Housing is a basic human need, but unlike food or healthcare, not everyone who needs assistance gets it. Housing policy is a fundamental prerogative of the state. There is little question the state has a legitimate interest in seeing its citizens adequately housed, and likewise that localities are not using their zoning powers to exclude the construction of lower-cost housing units. Unfortunately, the state’s current housing policy — including the Affordable Housing Land Use Appeals Act (8-30g) — fails to properly address either of these concerns. Our housing policy in general, and 8-30g in particular, suffers from five fundamental flaws.
First, it subsidizes housing units instead of individuals. It is now clear, based on thorough research from many land-use scholars, that providing a housing benefit by subsidizing individuals through Housing Choice Vouchers (or first-time homebuyer mortgage assistance) is far superior than subsidizing housing units via the complex Low-Income Housing Tax Credit (LIHTC) or placing an indirect tax on housing and market-rate renters by forcing developers to provide below-market-rate units via 8-30g or inclusionary zoning.

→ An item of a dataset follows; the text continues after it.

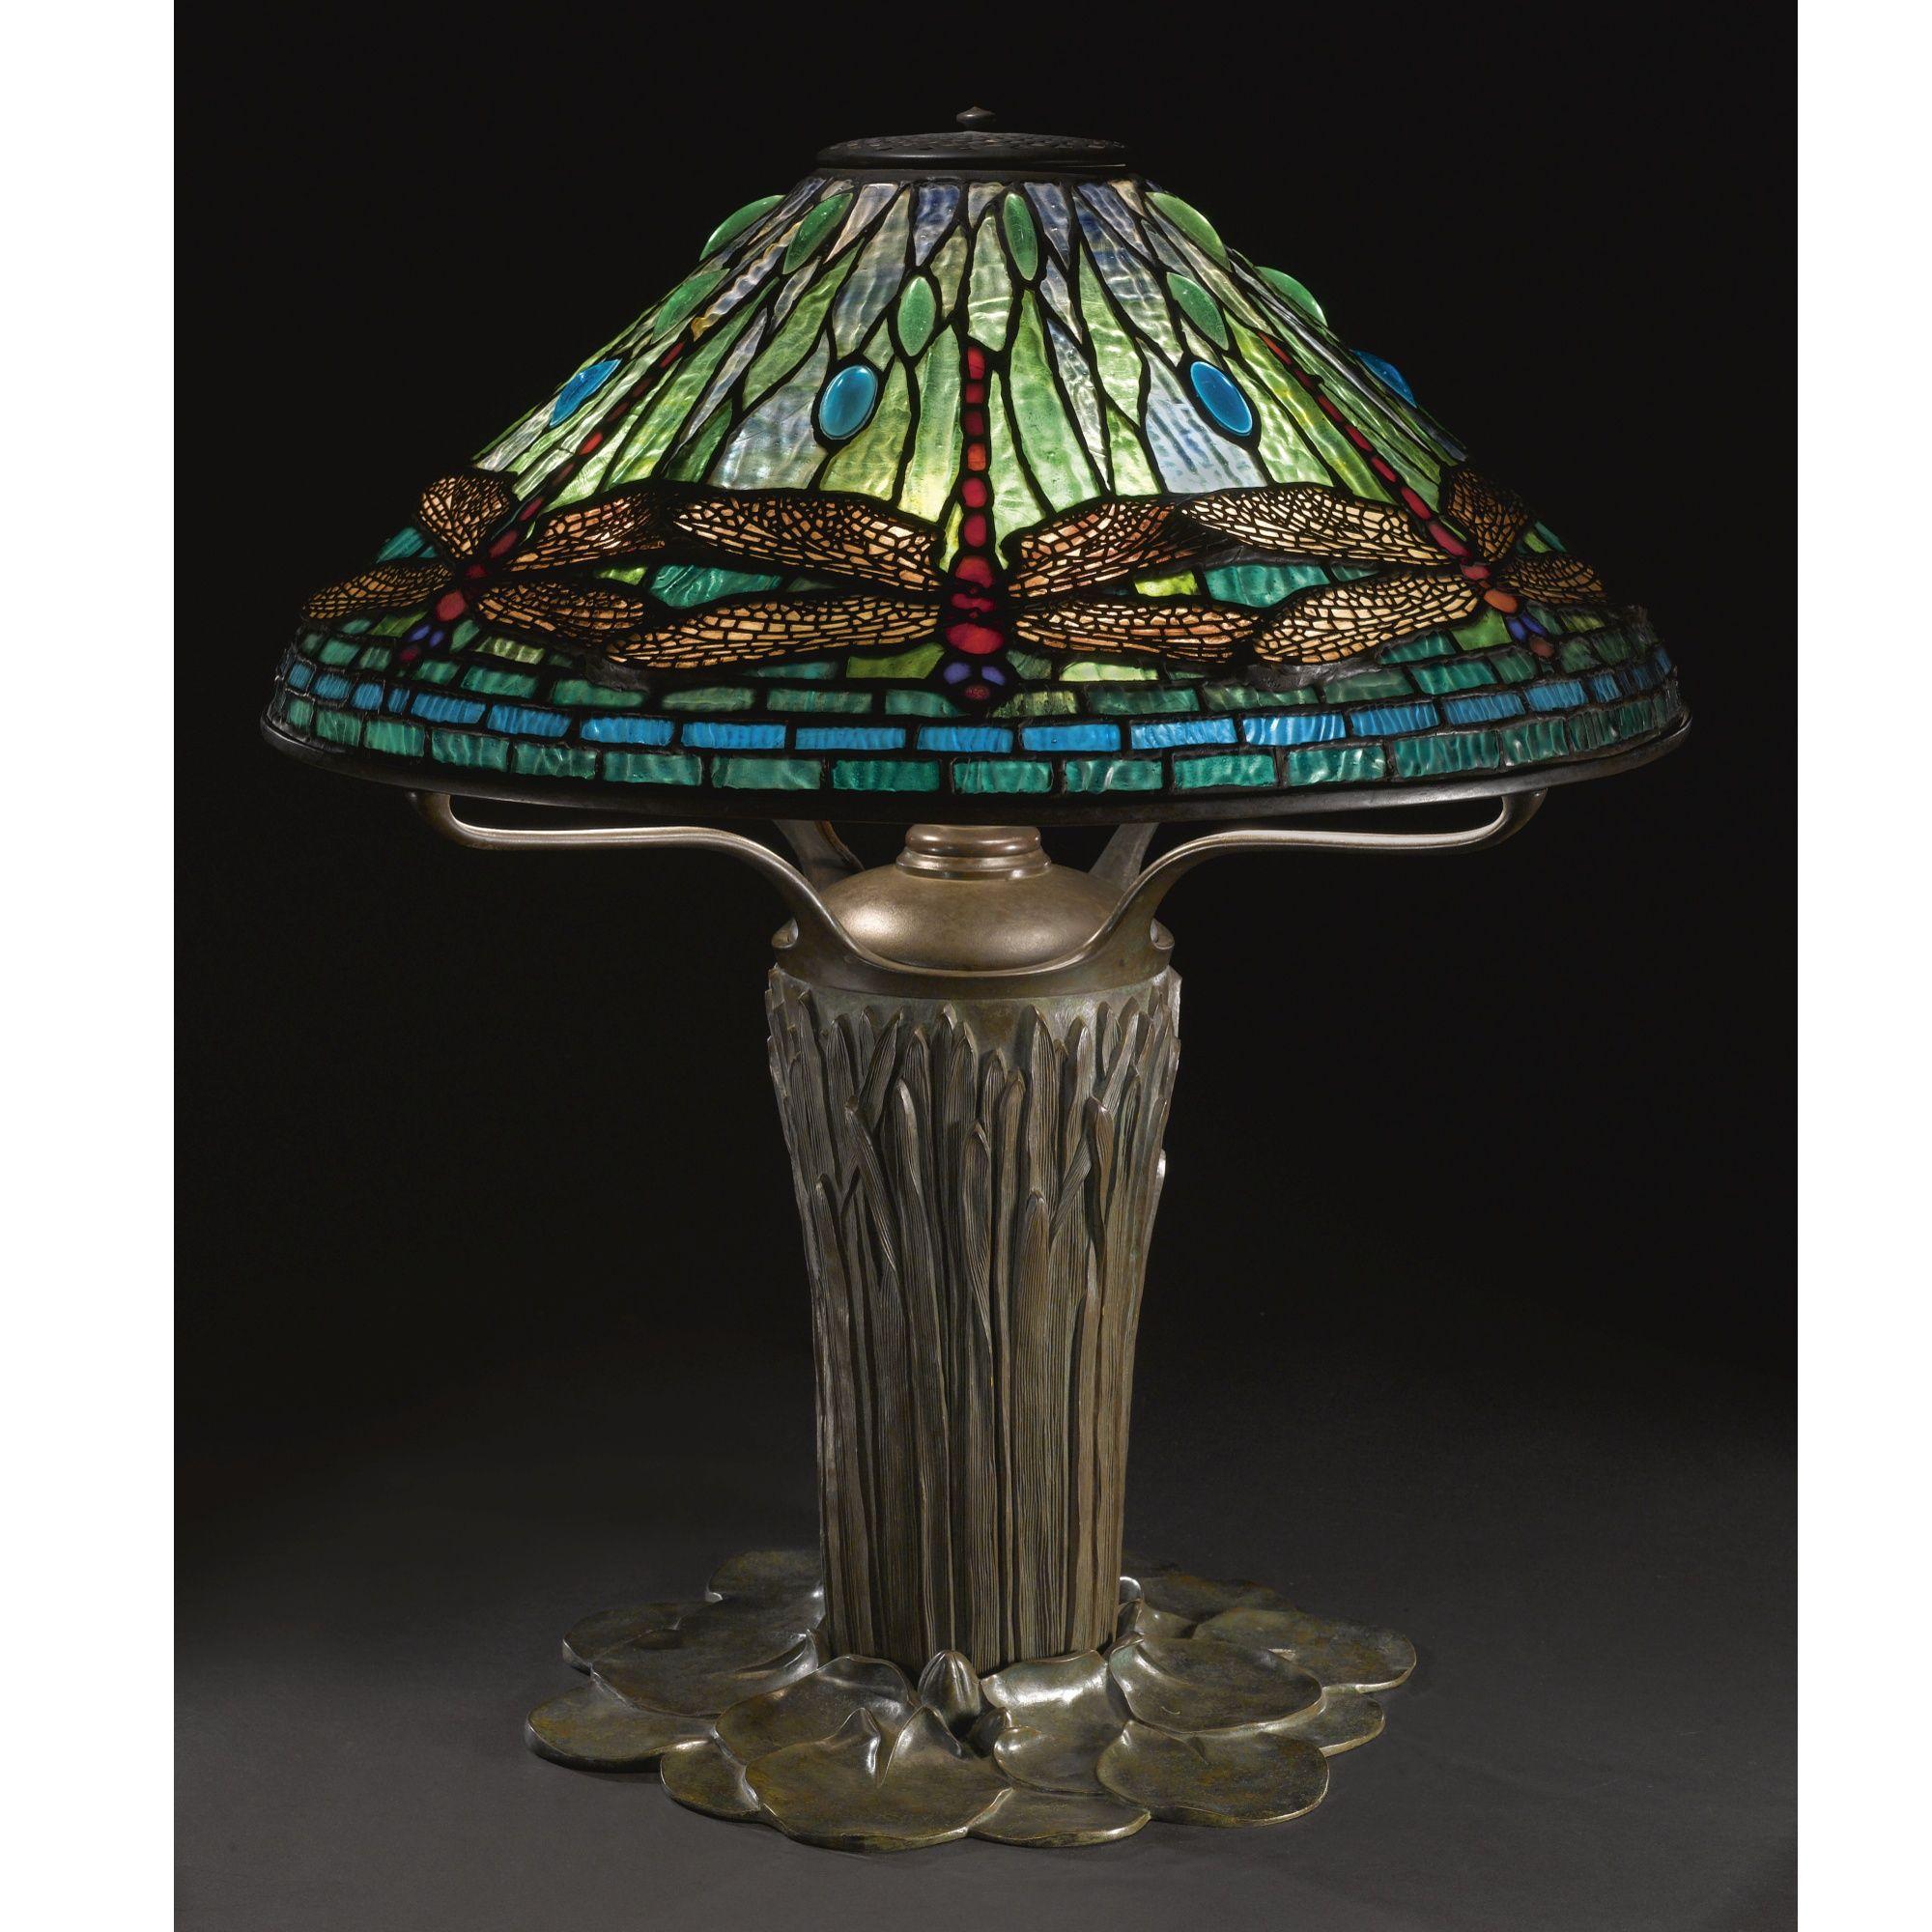 Tiffany studios lot sotheby dragonfly table lamp oil font tiffany studios lot sotheby dragonfly table lamp oil font impressed 5 geotapseo Gallery

Robert Ellickson, in his book America’s Frozen Neighborhoods, argued unequivocally against subsidized project-based assistance in favor of Housing Choice Vouchers used in conjunction with the liberalization of lower cost market-rate housing construction. He states that with project-based housing assistance, “the horizontal inequity is manifest.” Households living in a very expensive “affordable” unit (22:30 mark) are no different, or more deserving, than those on a waiting list receiving no benefit at all. Better to use scarce housing funds to provide everyone in-need a voucher. He also cited the high cost of subsidized building projects, lack of mobility to pursue opportunities with a project-based housing benefit, and the fact that “vouchers enable quiet integration.” Additionally, lack of oversight in managing housing inventory and potential fraud have been perennial problems with project-based housing assistance.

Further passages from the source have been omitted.